Он все равно почувствовал, как взгляд убийцы обратился в их с Серегой сторону и задержался на какое-то время. Потом жуткое ощущение отпустило. Вадим приподнял голову.
Заросший реденькой травкой пятачок земли перед — вагоном был девственно пуст.
…Как они оттуда улепетывали, словами передать невозможно. На пути вырастал состав за составом, они то ныряли под нескончаемые рефрижераторы, то обегали выставленные в темноту буфера… Вадим более-менее отдышался только в «Москвиче», когда белый как скатерть Сергей уже гнал его по совершенно пустой набережной.
— Вот так, — услышал он свой собственный голос, — Давай хоть маски, к чертовой бабушке, выкинем…
Вадим вернулся домой под утро. Картина, которую они видели на железнодорожных путях, продолжала стоять у него перед глазами. Это было страшно. По-видимому, это было самое страшное зрелище, которое Вадиму приходилось видеть собственными глазами, а не по телевизору.
«Доигрались в разбойников, — думалось Вадиму. — Ну нет, с уголовщиной завязываем. Хватит».
И еще мучила одна мысль, которой он так и не поделился с Серегой. Ему сразу почудилось что-то знакомое в человеке, который устроил это побоище.
Пока они, задыхаясь, сорвав с лиц идиотские маски и бросив на ходу мешавшие бежать ломики, выбегали из зоны отчуждения, пока шли домой к Сергею по темным улицам, у Вадима возникла и неотвязно стучала фраза из какого-то старого фильма: «Лучше пять минут быть трусом, чем всю жизнь покойником». Не было времени сосредоточиться и попытаться вспомнить, ГДЕ он видел этого человека. Но ведь явно где-то видел.

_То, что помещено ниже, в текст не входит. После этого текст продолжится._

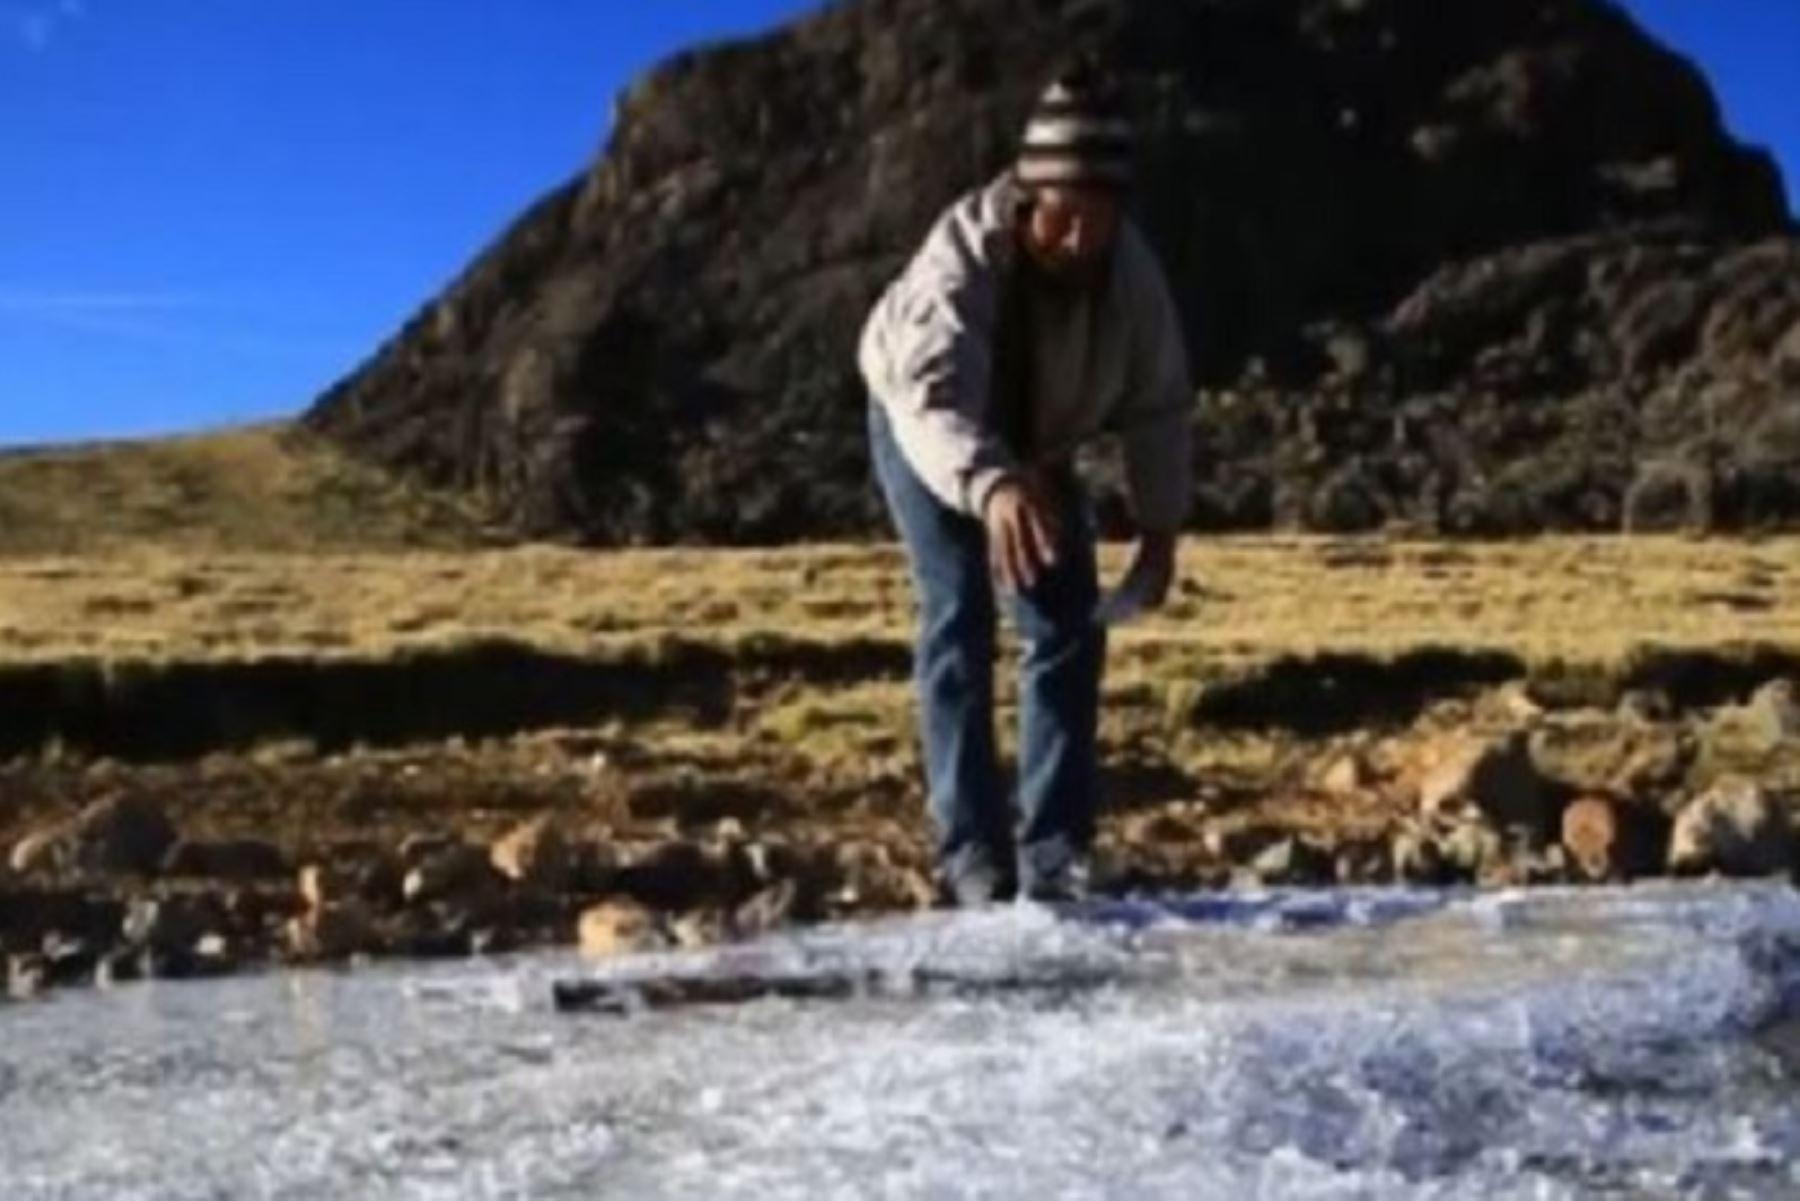 La temperatura más baja a nivel nacional se registró en el distrito de Tarata, en la provincia del mismo nombre, región Tacna, al reportar -10.6 grados Celsius en la estación Chuapalca del Servicio Nacional de Meteorología e Hidrología (Senamhi).

И только добравшись наконец до того самого кресла-качалки, с которого он нехотя слез каких-то двенадцать часов назад, Вадим смог как следует подумать. И почти сразу вспомнил. Ну конечно, это был он. Дождь, закрытый на санитарный день зоопарк, мужчина с девчушкой, столкновение. Только теперь Вадим окончательно понял, почему эти мордовороты из «скорпио» вдруг зачахли на глазах. Наложили в штаны. Они бывалые ребята и сразу почувствовали, с КЕМ имеют дело. «Интересно, кто он, — думал Вадим, — офицер спецподразделения, омоновский майор или киллер-профессионал?» Как бы там ни было, но пересекать ему дорогу не хотелось.
Вадим вспомнил его, вспомнил милую девчушку с ярким рюкзачком за плечами, косые острые струи дождя. Неужели это был один и тот же человек? Почему-то показалось, что его блеклые глаза были другого цвета, когда он смотрел на девочку. Но какие глаза были настоящими?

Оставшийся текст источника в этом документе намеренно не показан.